Goal of the exercise
Reproduce every line of the material below, but drop the pictures.

Data section
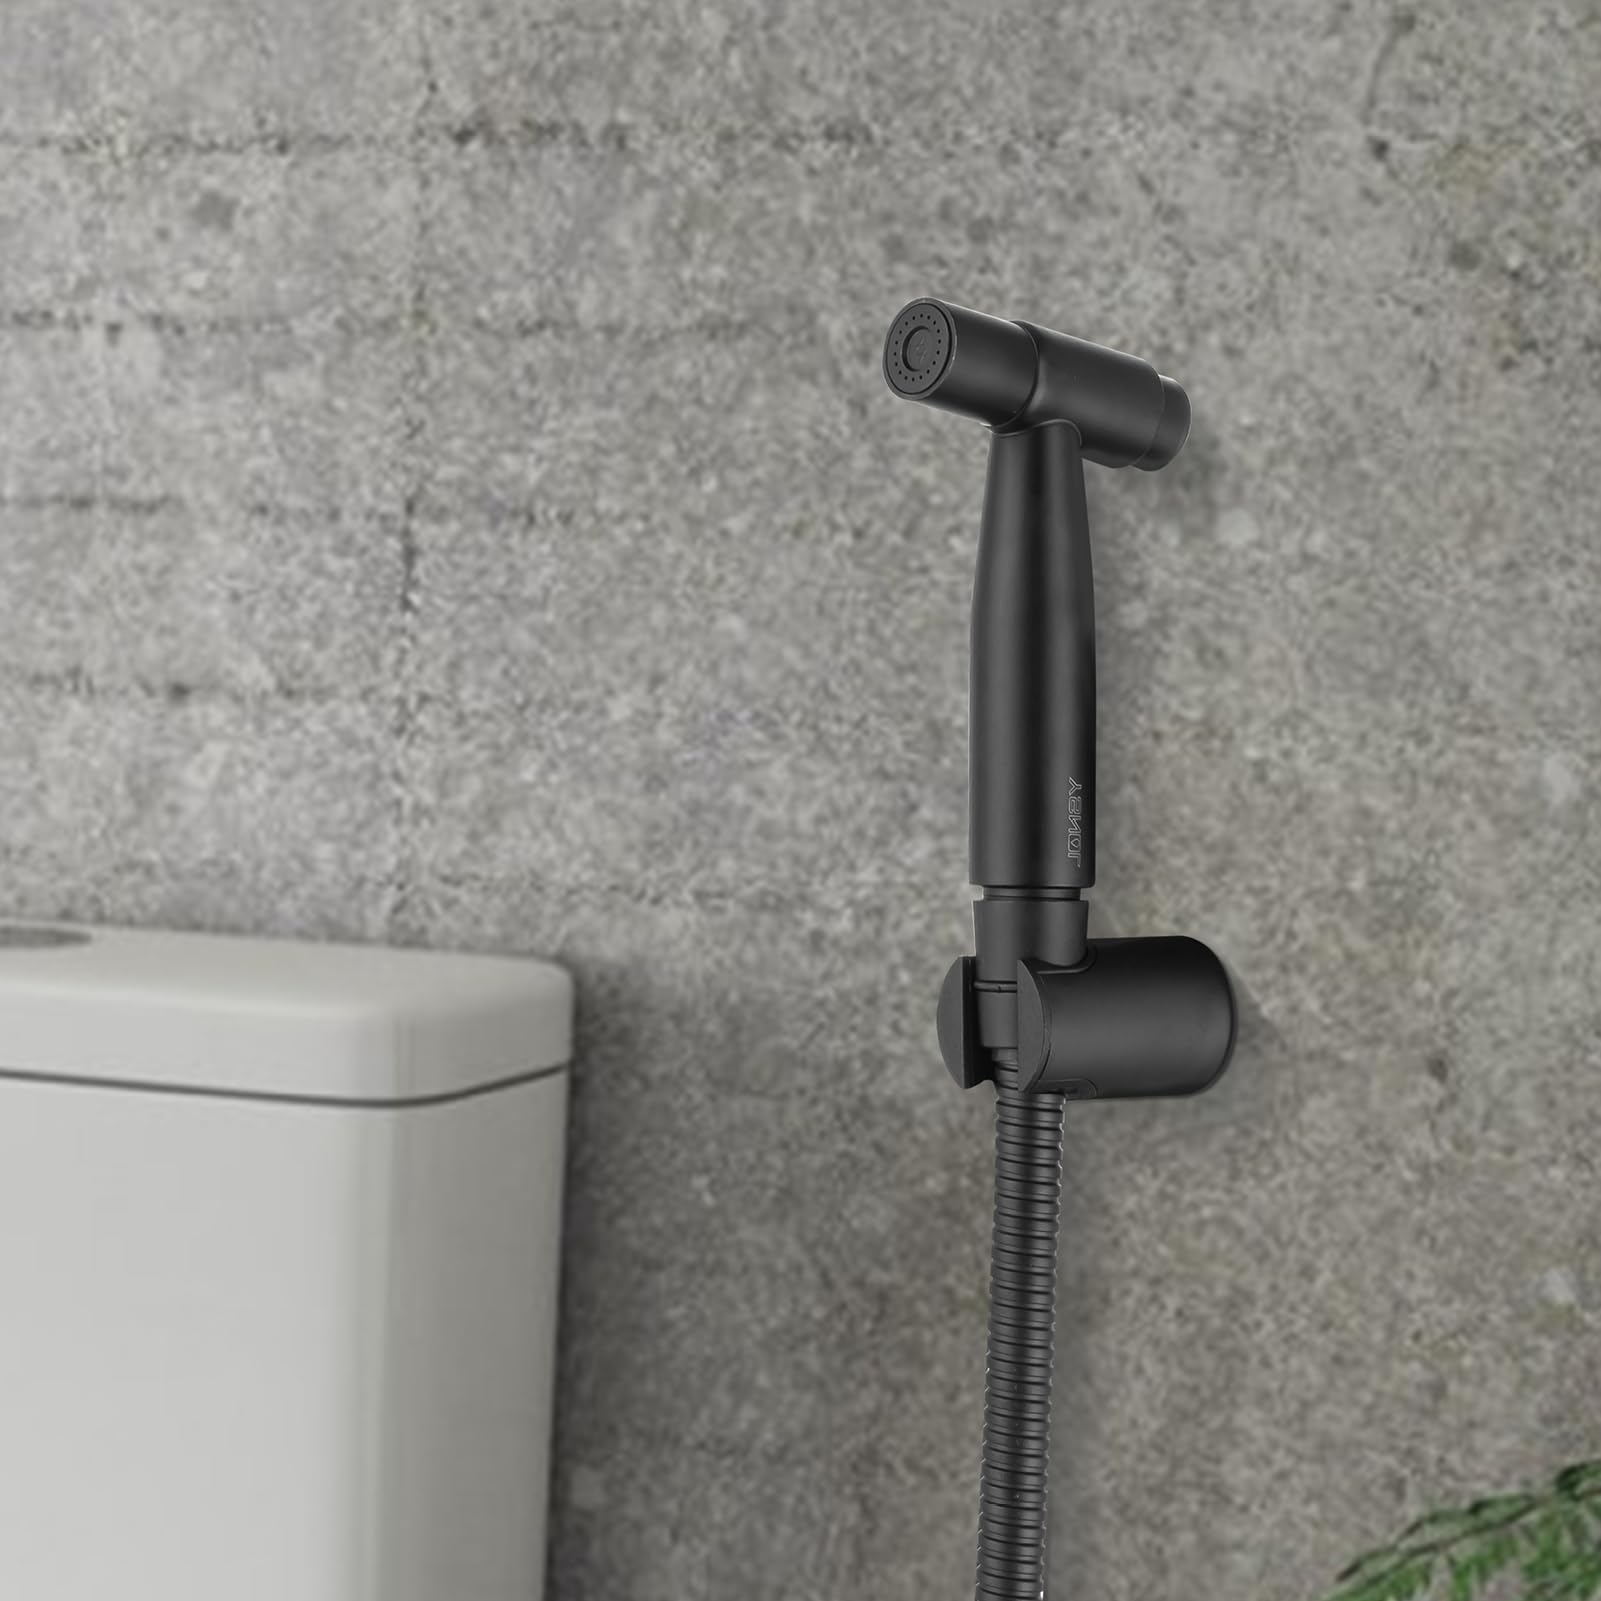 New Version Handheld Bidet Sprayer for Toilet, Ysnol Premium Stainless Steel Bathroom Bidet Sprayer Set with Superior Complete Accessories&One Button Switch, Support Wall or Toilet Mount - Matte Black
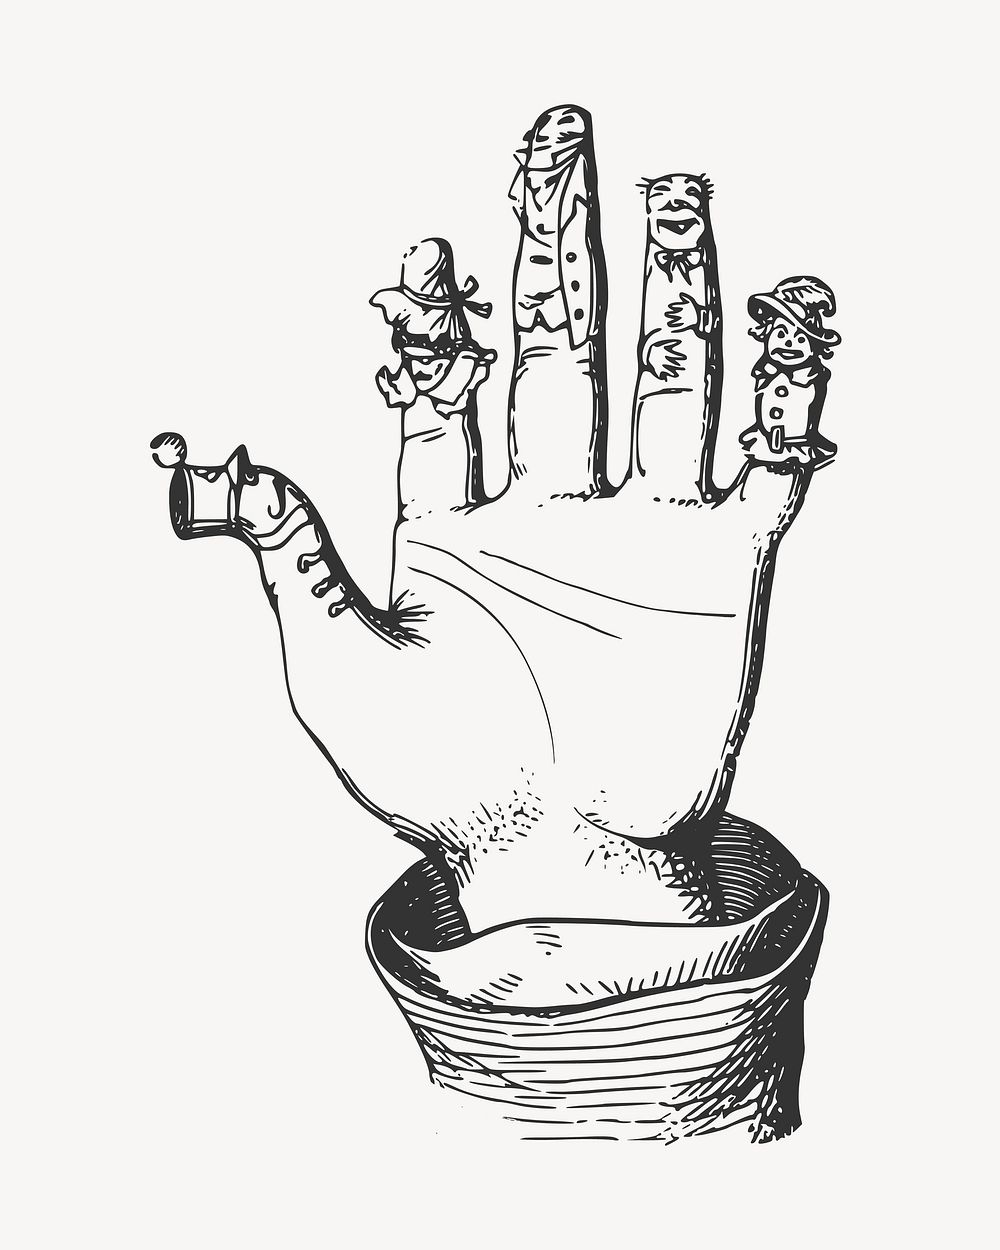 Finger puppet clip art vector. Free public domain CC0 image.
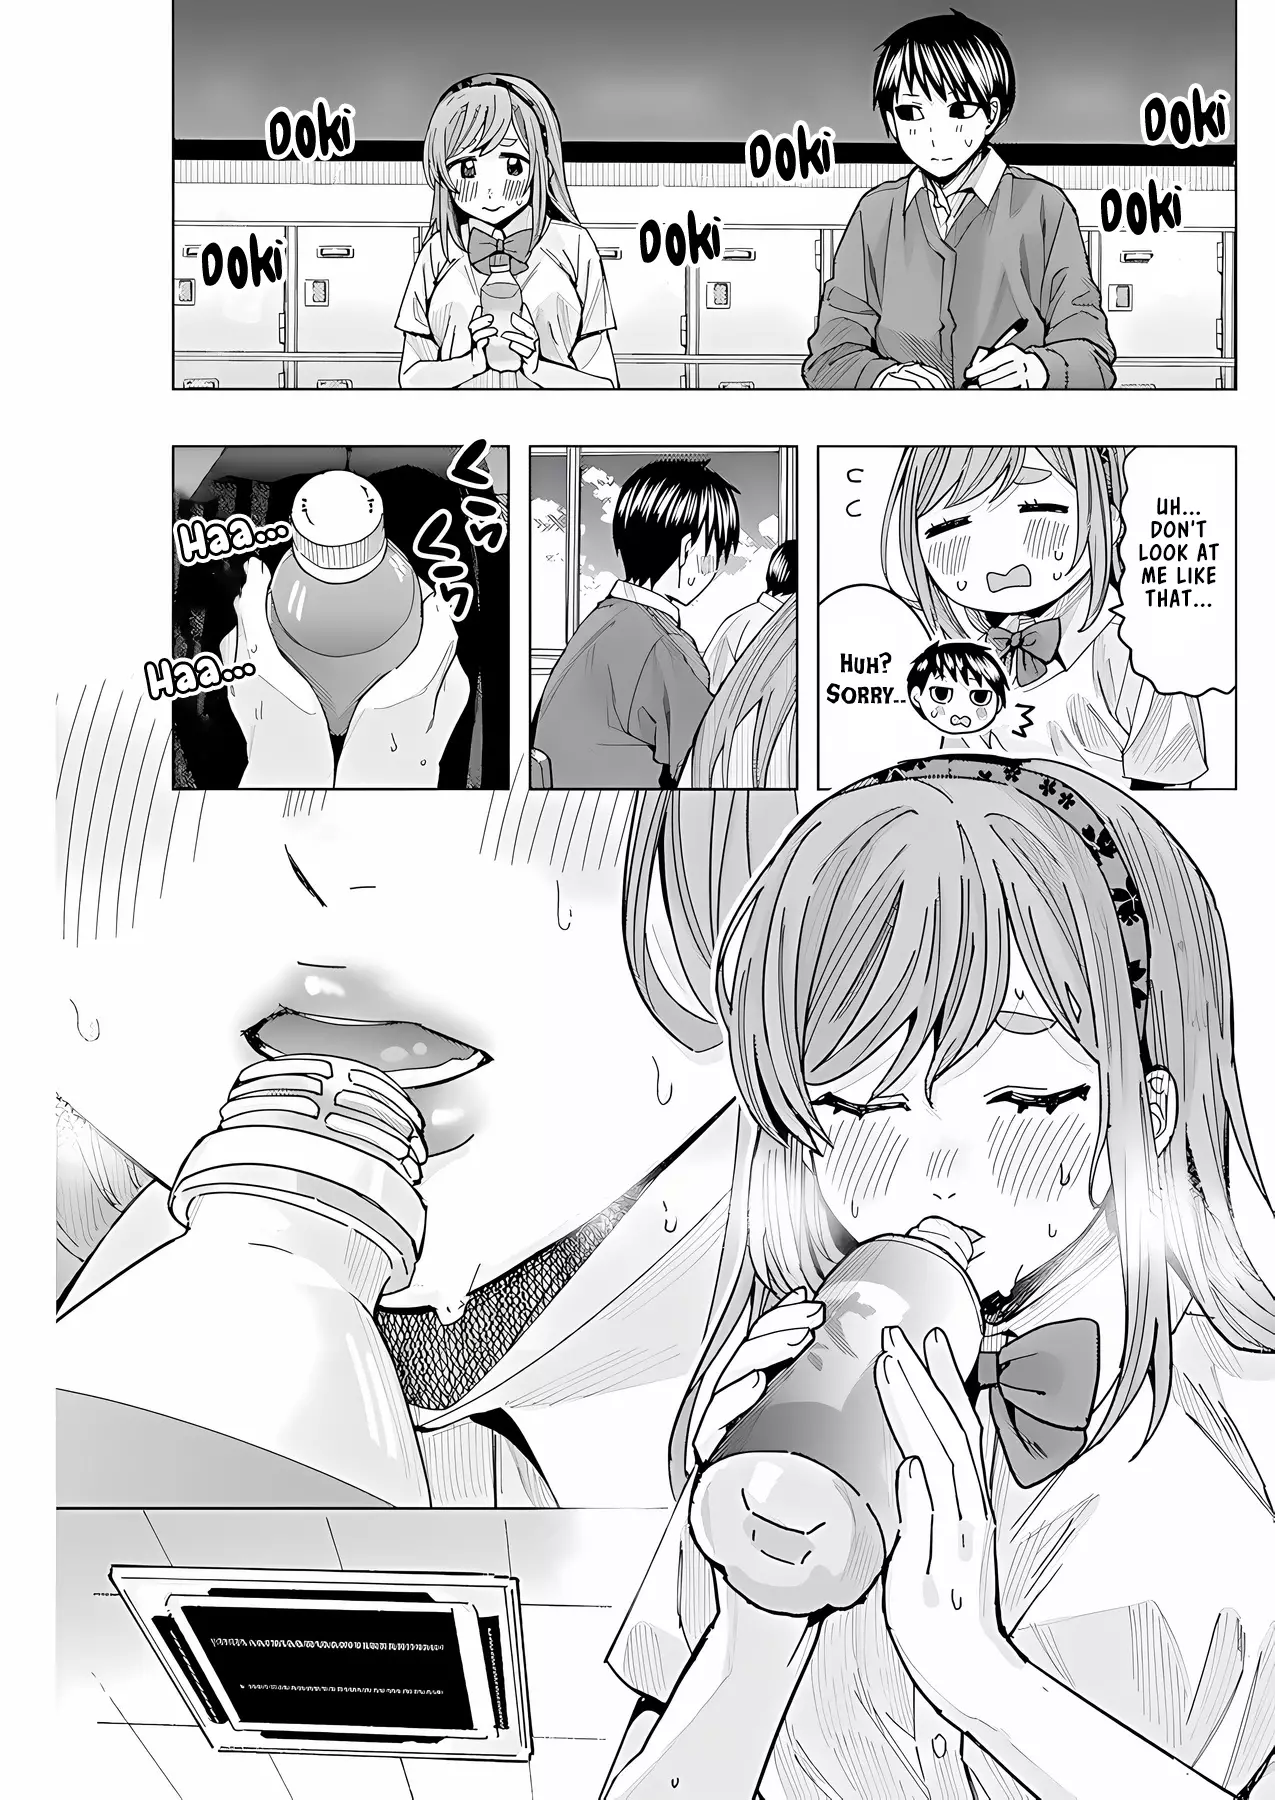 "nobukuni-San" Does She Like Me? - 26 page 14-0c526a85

Completed exercise
 New Version Handheld Bidet Sprayer for Toilet, Ysnol Premium Stainless Steel Bathroom Bidet Sprayer Set with Superior Complete Accessories&One Button Switch, Support Wall or Toilet Mount - Matte Black
 Finger puppet clip art vector. Free public domain CC0 image.
 "nobukuni-San" Does She Like Me? - 26 page 14-0c526a85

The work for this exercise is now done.